Climate change exerts significant and regionally heterogeneous effects on vegetation phenology and carbon fluxes. The work of [12] quantified the actual and potential NPP in subtropical China using the EC-LUE and Thornthwaite models, finding that both human activity and climate variability jointly influence vegetation productivity. The work of [13] conducted a novel analysis of preseason daytime and nighttime warming effects on spring phenology in northern deciduous forests, revealing that daytime maximum temperature has a stronger influence on leaf-out timing than nighttime minimum temperature. The work of [14] assessed the spatiotemporal dynamics of forest vegetation in northern China and its response to climate change, finding a consistent greening trend over the past two decades and significant correlations with climate and latitude. The work of [15] carried out a dendrochronological study on Sabina chinensis in the Yangtze River Delta, providing insights into changing climate-growth correlations before and after recent warming transitions.

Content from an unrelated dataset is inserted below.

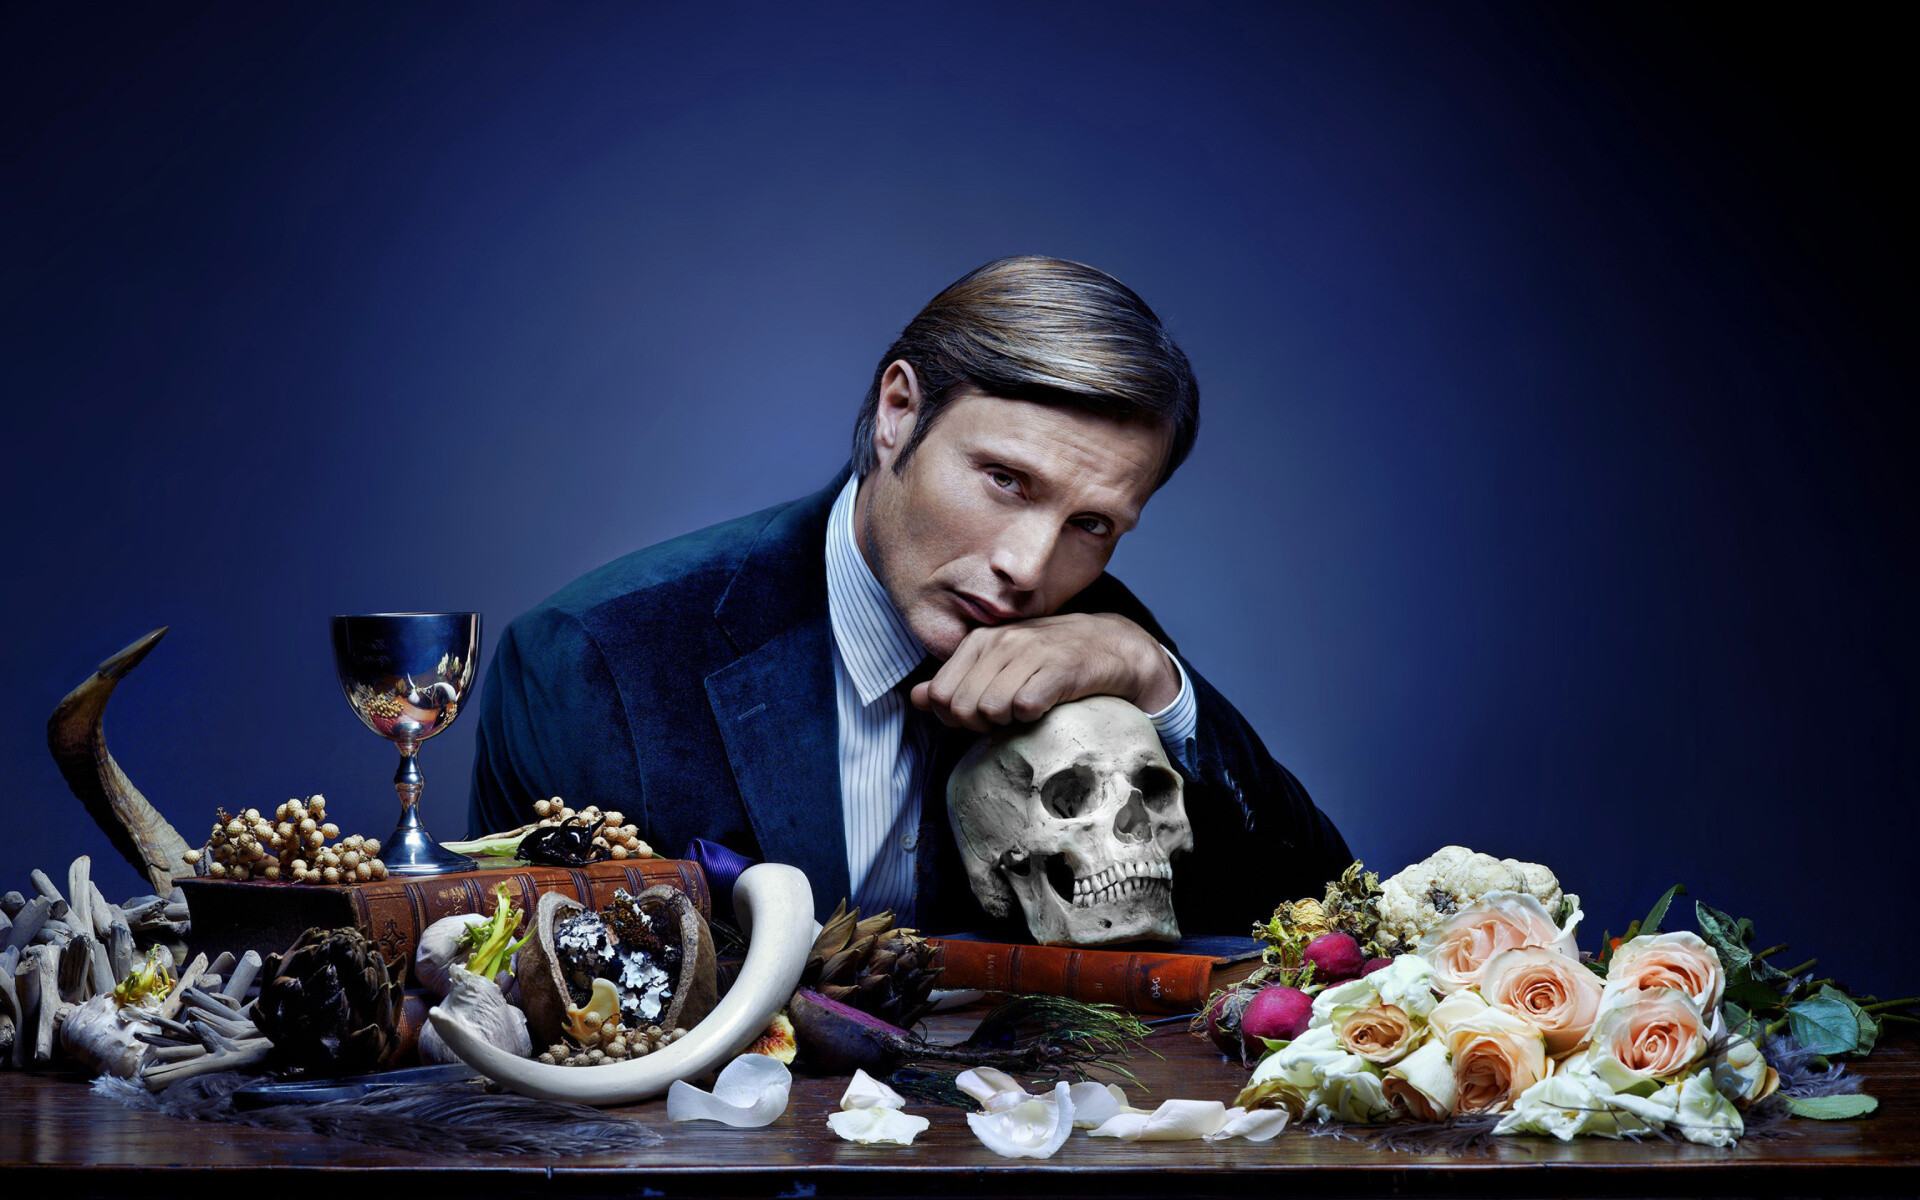 Hannibal (TV Series): The third and final season won the inaugural Saturn Award for Best Action-Thriller Television Series. 1920x1200 HD Background.

As the scale of forest restoration projects expands, there is an urgent need to evaluate their ecological effectiveness. The work of [16] used gross ecosystem product (GEP) data from 2000 to 2020 to assess the Three-North Shelterbelt Project. Their study revealed significant ecological benefits in water conservation, carbon sequestration, and erosion control, especially in mountainous areas, establishing a new benchmark for ecological project evaluation based on ecosystem service accounting.

Collectively, these sixteen studies reflect China’s latest advances in the application of key precision forestry technologies, including artificial intelligence, remote sensing, and geospatial modeling. From virtual modeling at the individual tree level to ecosystem-scale assessments of national ecological programs, these studies provide crucial support for accurately understanding forest conditions and informing decision-making in forest management.